The new running ‘boom’ boosts Garmin’s income in Spain by 18% to a record of 90 million



The last few years have been the scene of a new resurgence of running in Spain. Driven by popular races, greater exposure on social networks and the emergence of run clubs As new spaces for urban socialization, running has stopped being just a sport and has become a cultural phenomenon. This boom is not only measured in numbers or stories from Instagram, but also in business figures.

On a business level, this new expansive cycle of running has not gone unnoticed. Brands and platforms historically linked to sports performance have established themselves as key players in this ecosystem. While applications like Strava have redefined the way runners and cyclists build their community, manufacturers of smart watches and GPS devices have capitalized on this boom in the form of sales.

This is the case of Garmin, the technological multinational that was born in 1989 with the mission of popularizing GPS and applying it to general aviation, nautical and then to the consumer market to – years later – become a reference among users. wearables sports. Based in the Cayman Islands, the company run by Cliff Pemble has been increasing its turnover to almost 6.3 billion dollars (just over 5,400 million euros at the exchange rate) in 2024 with the fitness as the engine of your business.

This, among other factors, explains the financial growth that the technology company is experiencing in Spain and is shown in its latest accounts deposited in the Mercantile Registry corresponding to the year 2024. In this period, the income of Garmin Iberia – the company that channels its purchase, sale, marketing, and distribution in Spain – grew by 18% to reach a record of 91 million euros, which would amount to 96.4 million without taking into account the rappels or returns applied.

This escalation led the society represented by Jonathan Wagstaff to promote its net profit above 2 million, 33% more than a year ago. This figure, according to the management report, is allocated to its parent company -Garmin Spain- as dividends. The same report supports the growth of the business in “the good reception of the products launched” and predicts a positive evolution for the year that has just ended despite warning about “very strong competition in distribution channels”.

Although the company does not distribute the income it harvests in Spain by segments, it does so in its annual accounts -incomparable in magnitude to those recorded in this market-. The latest ones, presented in the third quarter, place the fitness as the business area that contributes the most to billing (1,770 million dollars) with 33% of income, followed by outdoor and adventure (28%), the nautical products (15%), the solutions for aviation (13%) and the technology supplied to automobile manufacturers (9%).

Its growth, however, has not been free of tensions with other actors.

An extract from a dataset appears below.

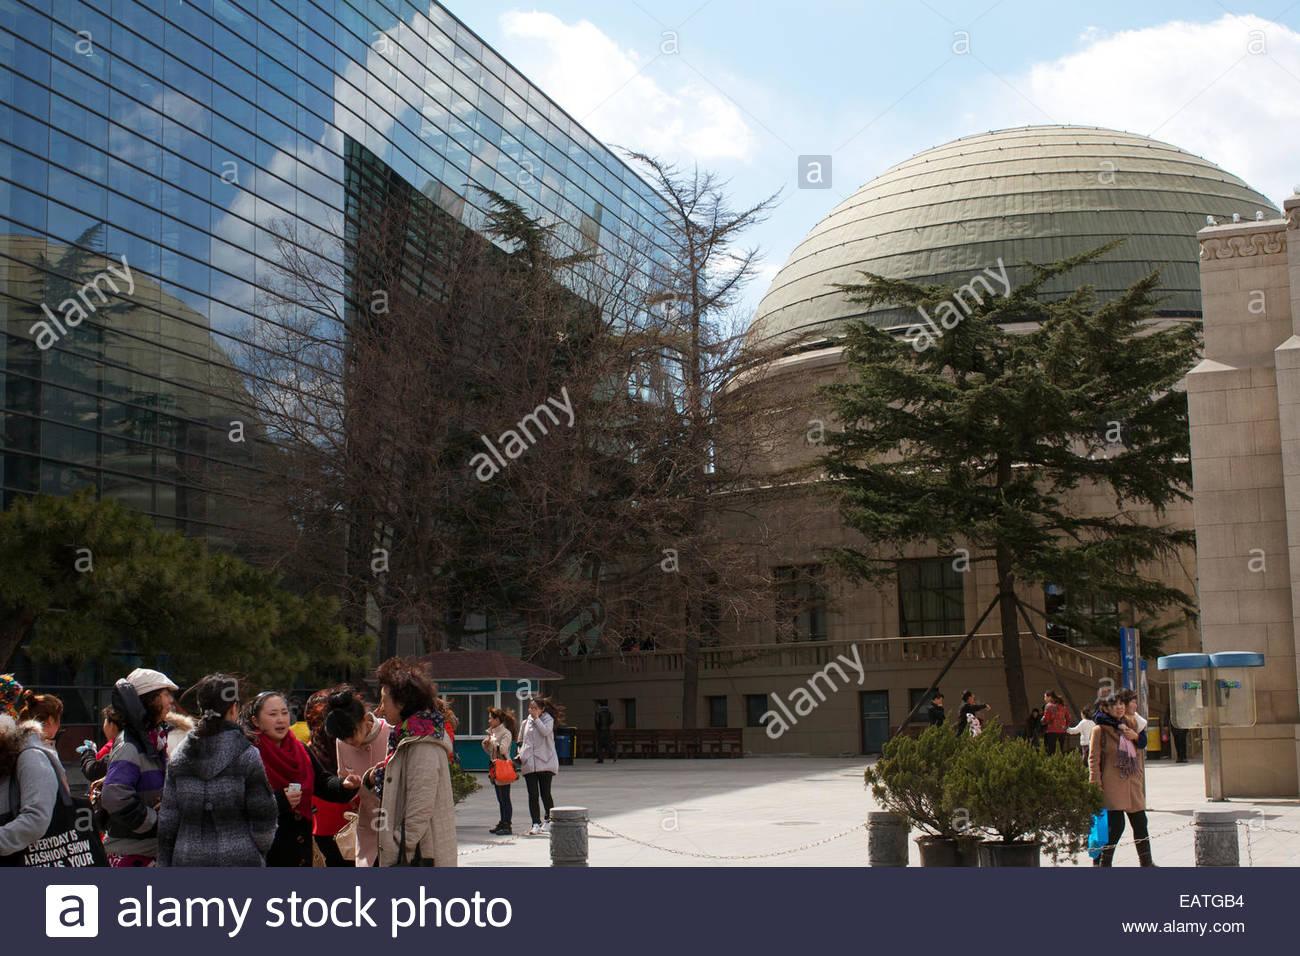 Eine totale Aussicht auf das äußere des Beijing Planetariums. Stockbild

Last October, the aforementioned Strava filed a lawsuit against Garmin in the United Statesclaiming that their devices and applications fitness infringed three of its patents and that it had breached a 2015 cooperation agreement on shared technology. The litigation had no further progress, given that just one day later, the company voluntarily withdrew the lawsuit in federal court in Colorado, leaving open the possibility of reviving its claims in the future.